Asus Pro WS WRX80E-Sage, dmesg is full of corrected PCIe and/or AER errors

So i got a Asus Pro WS WRX80E-Sage board that hosts a bunch of PCIe 4.0 NVME drives. As i kept adding drives, the dmesg log kept getting fuller and fuller of errors like the ones below.

Kernel 5.12.14-arch1-1

They go through all the drives at random, and don’t appear to be dependent on load, system temperature, whether the drive is in the expansion card or directly on the board or anything else i noticed.

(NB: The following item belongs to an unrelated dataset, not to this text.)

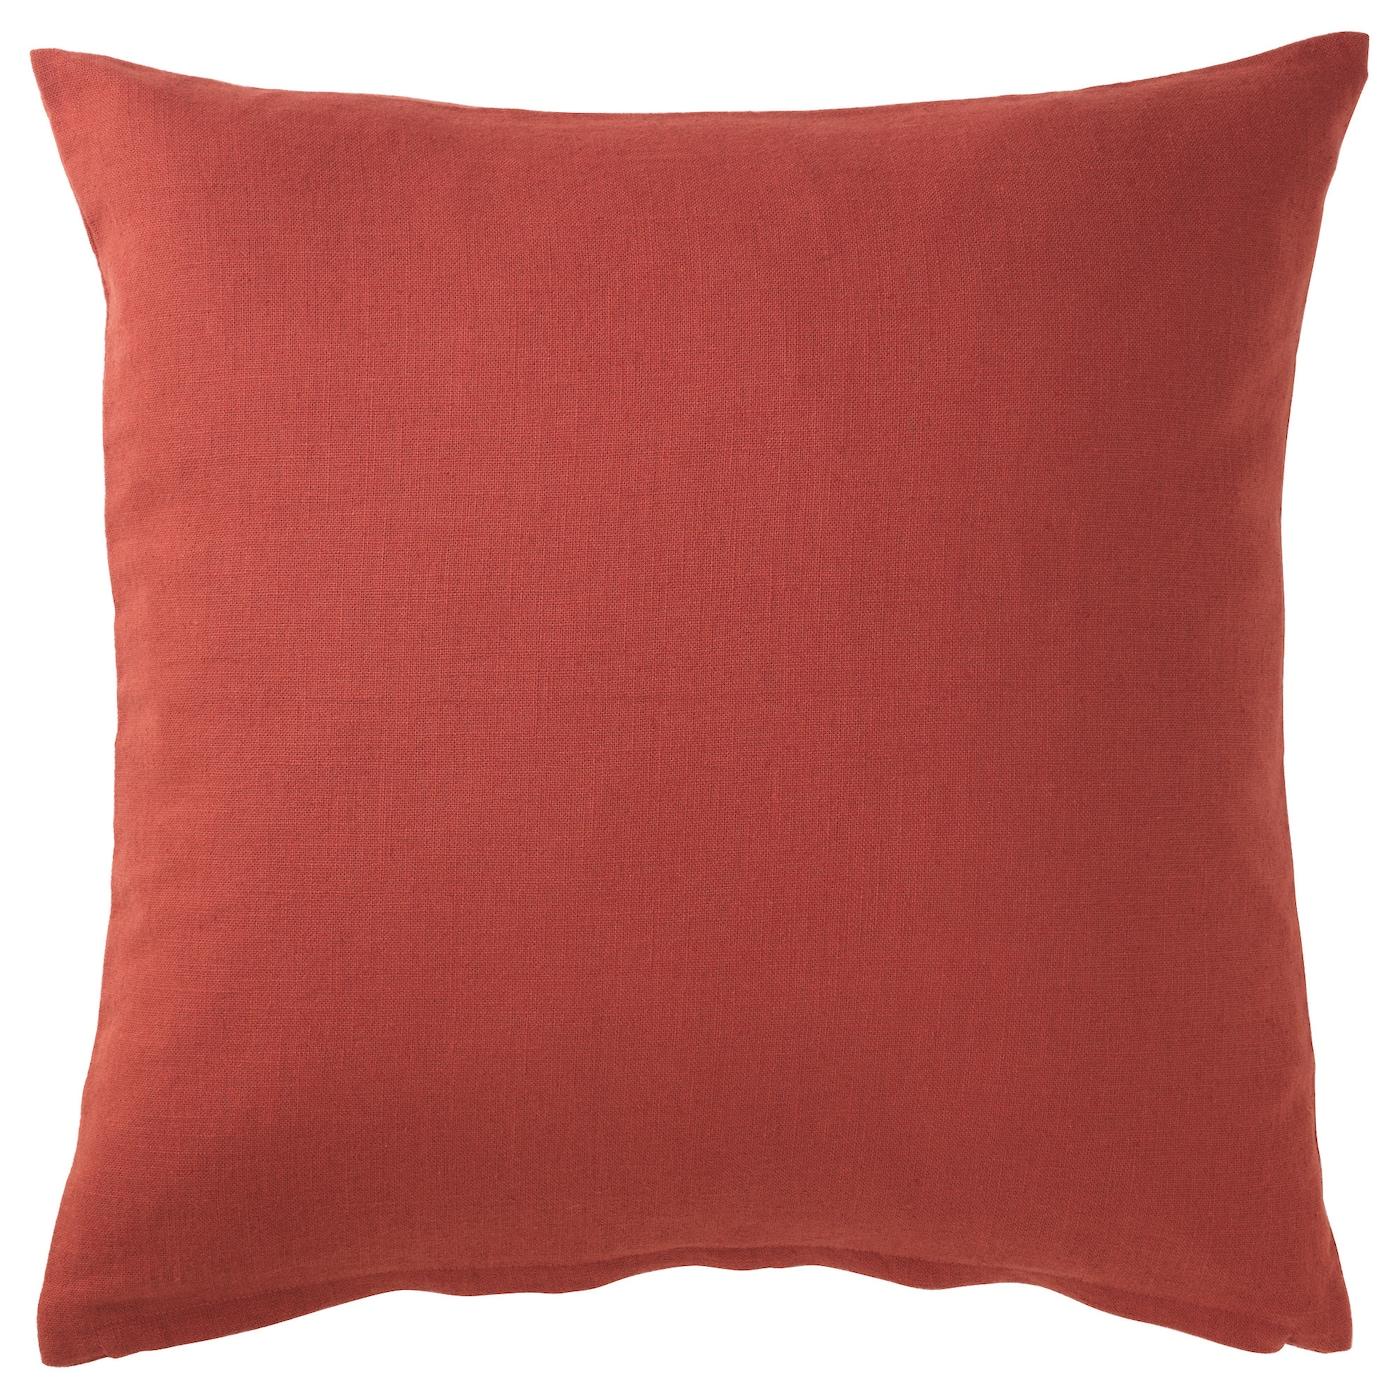 VIGDIS Funda de cojín, naranja rojizo IKEA

The message says it was corrected by hardware and no action is required, the google says these are safe to ignore, but the problem is that the log is completely full of them to the point of nothing else being visible.

So, is that a sign of some problem, and if not is there a way to turn these off?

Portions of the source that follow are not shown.